Janko Nikolich-Žugich, MD, PhD, co-director of the University of Arizona Center on Aging and chair of the UA Department of Immunobiology, was featured in the February 2017 issue of Tucson Lifestyle magazine.

The "IN HEALTH" article is titled, “Immune Struck — As we age, our immunity to disease declines... What can be done to extend our healthspans,” and focuses on Dr. Nikolich-Žugich’s research on T-cells, their function in our immune system and how that changes as we age which leads to physical and mental manifestations associated with aging.

“We have managed to extend the lifespan quite a bit, but the healthspan, as we call it, is really the quality of life. It’s what everybody wants,” he’s quoted as saying.

Dr. Nikolich-Žugich’s spoke about similar issues in a January 2013 Tucson Lifestyle article, “Aging to Perfection.” In that piece, he spoke about investigating the insulin pathway and how our bodies absorb and manage nutrients being linked to how we age. The focus targets not just increasing longevity, but how to remain healthy and vital as we grow older.

Also in that issue (January 2013), Mindy Fain, MD, his partner as co-director of the UA Center on Aging and chief of the UA Division of Geriatric, General Internal Medicine and Palliative Medicine, was featured in an article, “Longevity: An Age-Old Question,” in which she says: “To help promote a long and healthy life, engage in regular physical exercise, practice good nutrition and remain socially and spiritually engaged, and exercise your brain.”

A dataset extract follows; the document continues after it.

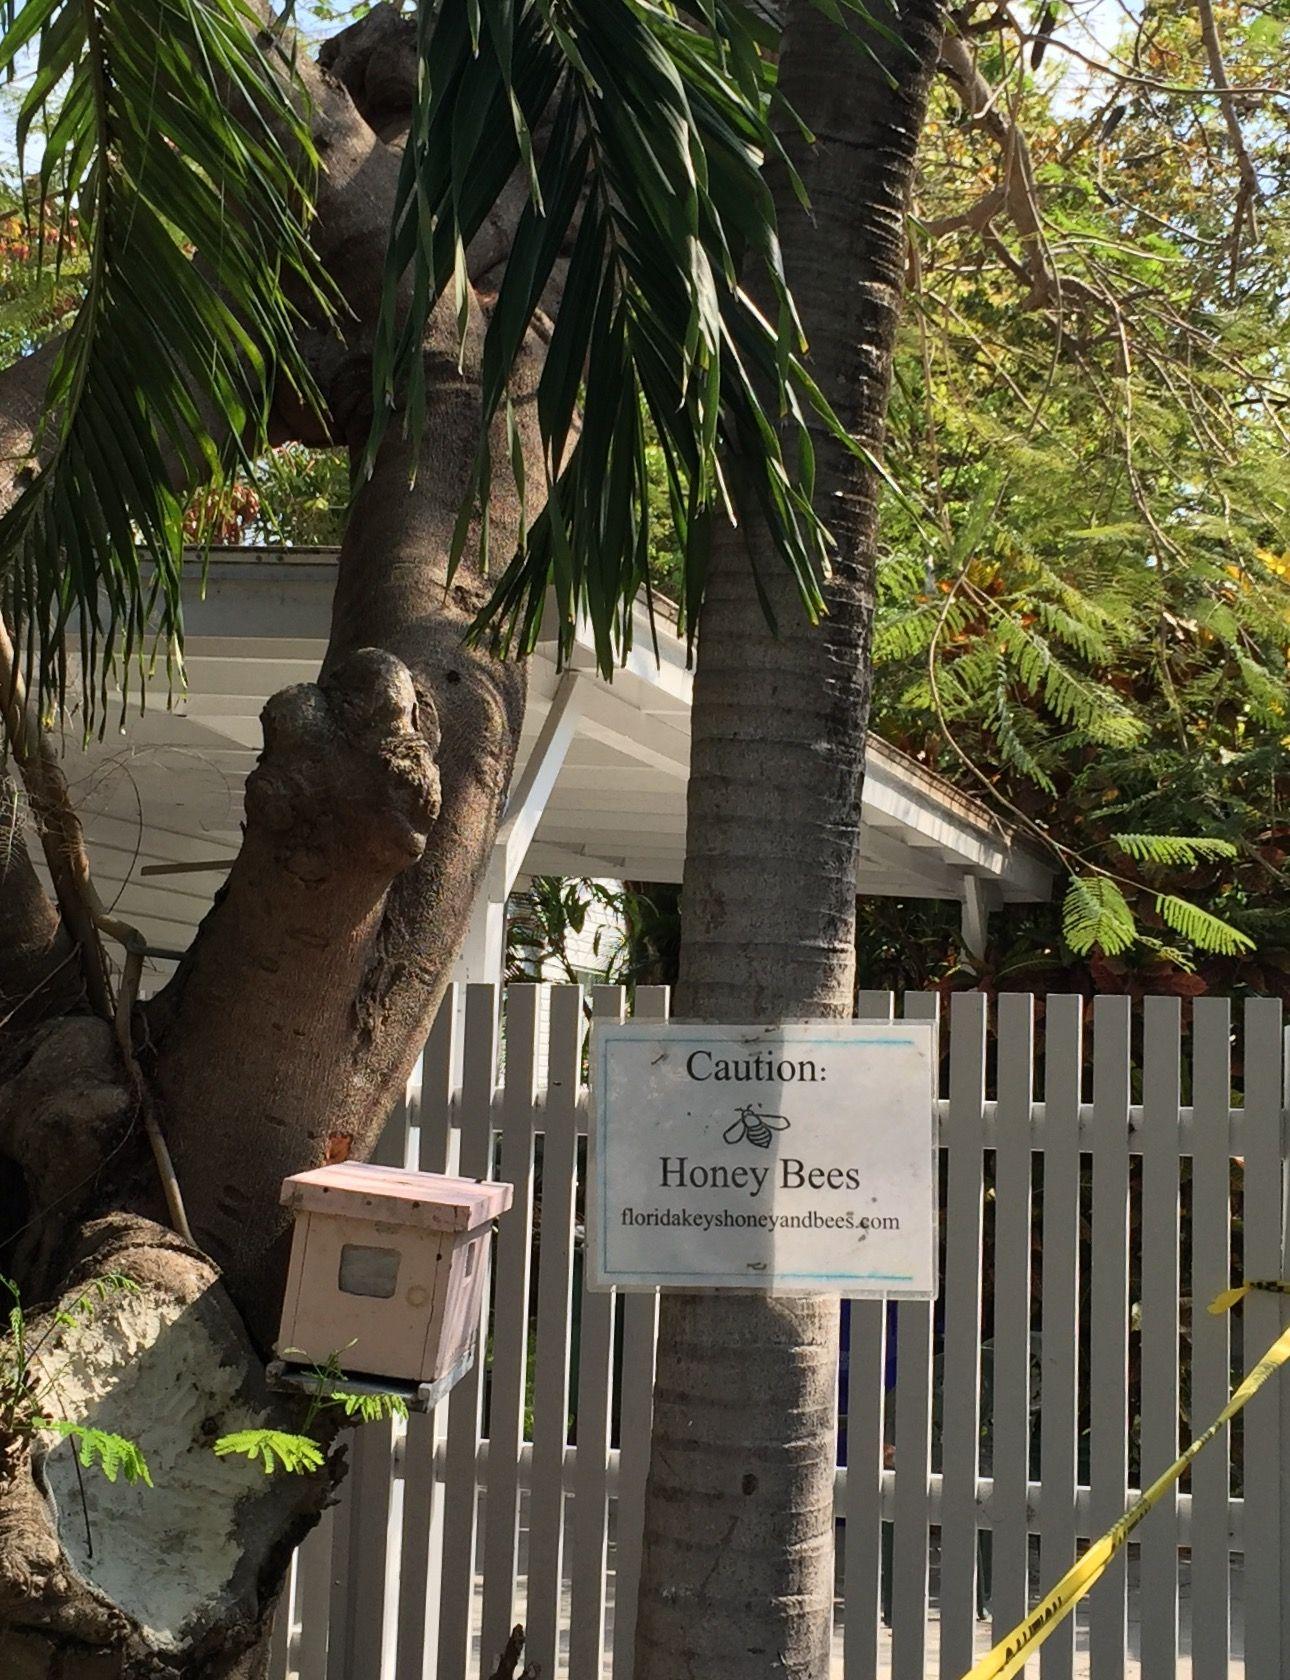 Making Florida Keys honey in a Key West back yard on Whalton Street.

Both sequé into a January 2017 Tucson Lifestyle article that spotlights the work of Melanie Hingle, PhD, MPH, a registered dietitian and assistant professor in the Department of Nutritional Sciences, who spoke at the Dec. 13 Endocrinology Grand Rounds a family-focused, YMCA-based intervention to prevent type 2 diabetes in at-risk youth and also chaired the Feb. 22-24 “Feed Your Genome” UA Frontiers in Nutritional Sciences Conference hosted on campus.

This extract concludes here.